Nigeria on Friday signalled that more strikes against jihadist groups were expected after a Thursday bombardment by US forces against militants in the north of the country.
The west African country faces multiple interlinked security crises in its north, where jihadists have been waging an insurgency in the northeast since 2009 and armed “bandit” gangs raid villages and stage kidnappings in the northwest.
The US strikes come after Abuja and Washington were locked in a diplomatic dispute over what Trump characterised as the mass killing of Christians amid Nigeria’s myriad armed conflicts.

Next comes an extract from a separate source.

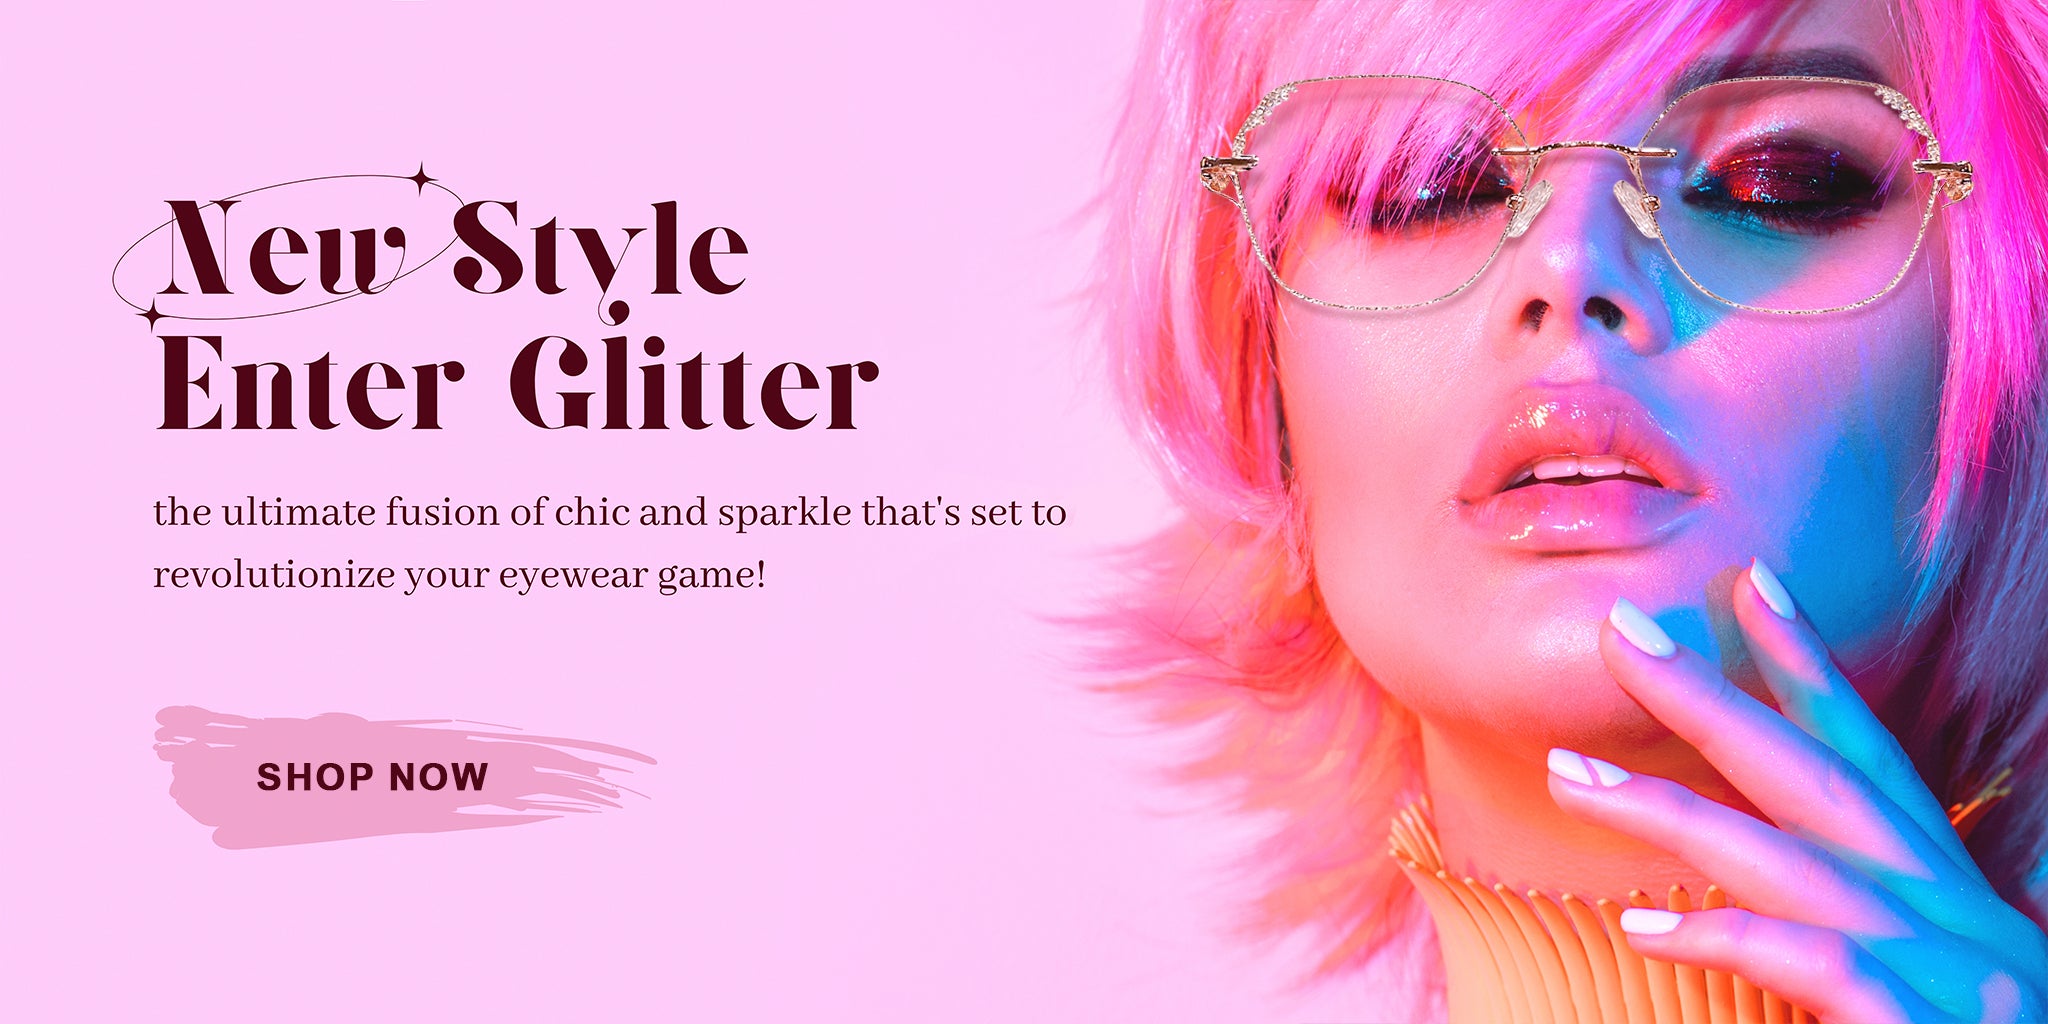 New Women Eyeglasses Recommendation: Glitter For Style Upgrade for the Fashion Forward Queen

Washington’s framing of the violence as amounting to Christian “persecution” is rejected by the Nigerian government and independent analysts, but has nonetheless resulted in increased security coordination.

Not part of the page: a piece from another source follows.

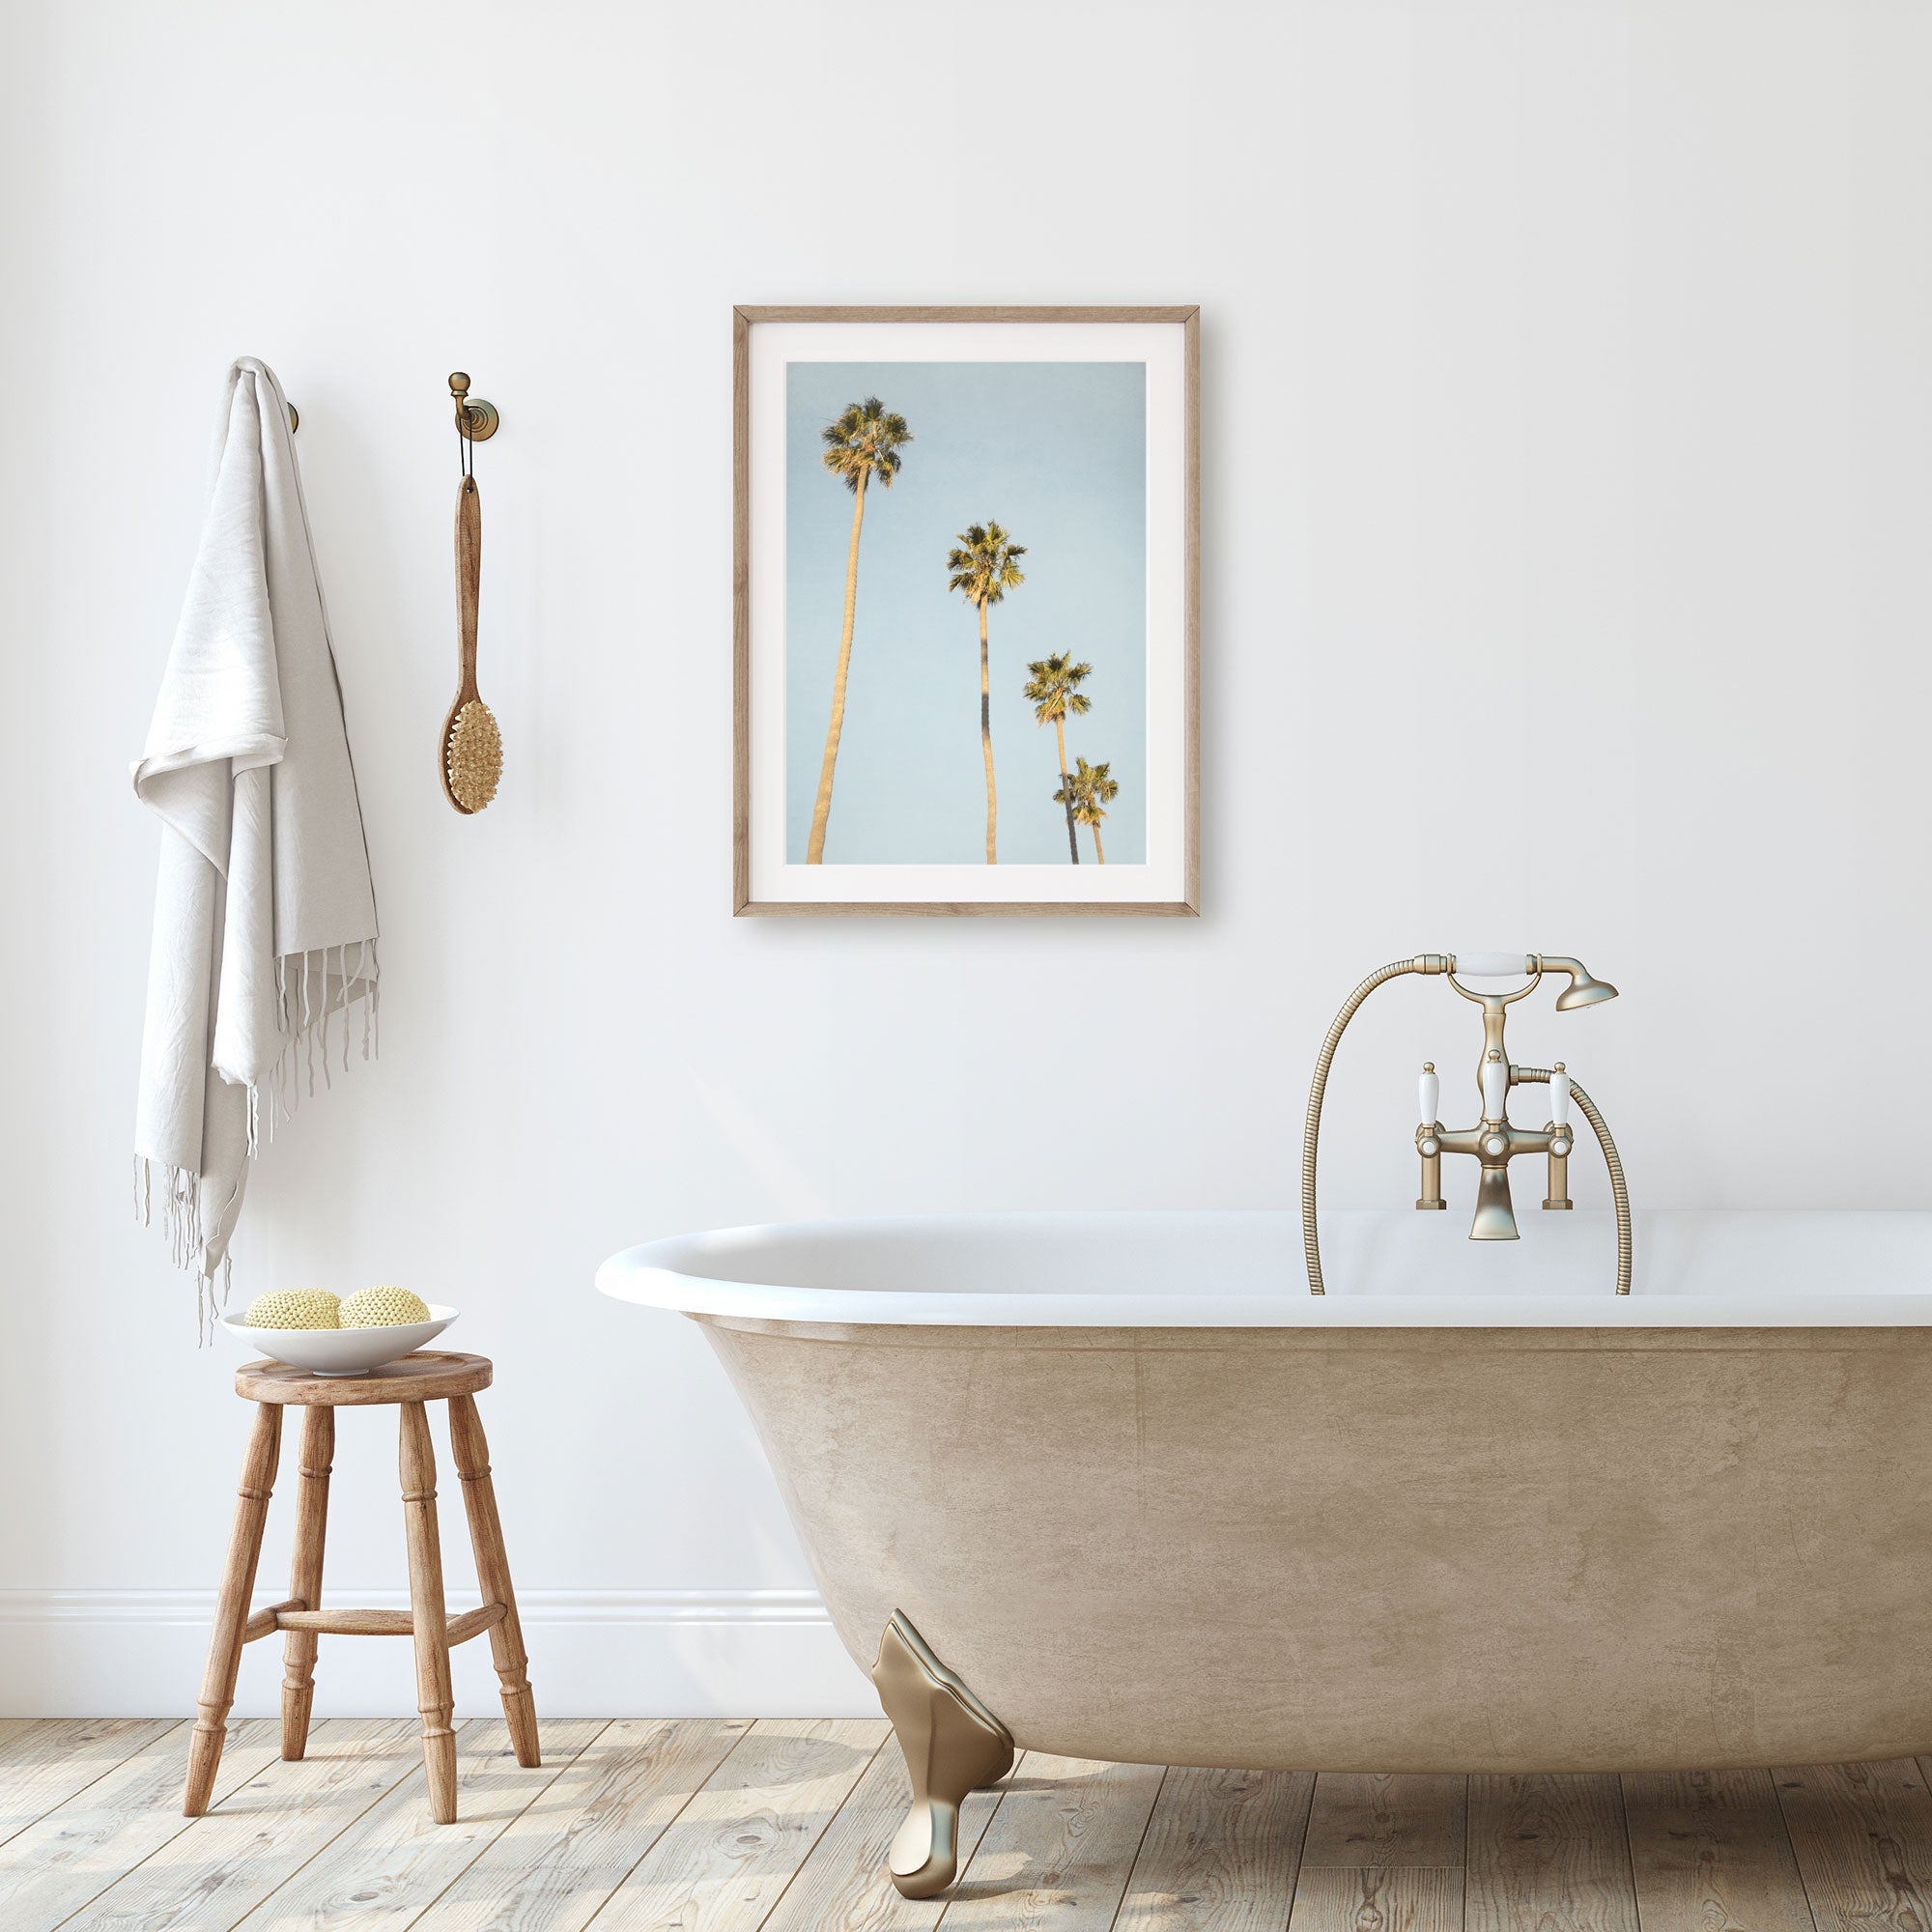 A minimalist bathroom featuring a standalone bathtub with gold clawfoot detail, a wooden stool, hanging towels, and a framed Offley Green Los Angeles Palm Tree Photographic Print 'Palm Stairs to Heaven' on the wall.

“It’s Nigeria that provided the intelligence,” the country’s foreign minister, Yusuf Tuggar, told broadcaster Channels TV, saying he was on the phone with US State Secretary Marco Rubio ahead of the bombardment.
Asked if there would be more strikes, Tuggar said: “It is an ongoing thing, and we are working with the US. We are working with other countries as well.”
Tuggar said that Nigerian President Bola Tinubu “gave the go-ahead” for the strikes adding “it must be made clear that it is a joint operation”.
The defence department of the US Africa Command said “multiple ISIS terrorists” were killed in an attack in the northwestern state of Sokoto, though which of Nigeria’s myriad armed groups were targeted remains unclear.
Nigeria’s jihadist groups are mostly concentrated in the northeast of the country, but have made inroads into the northwest.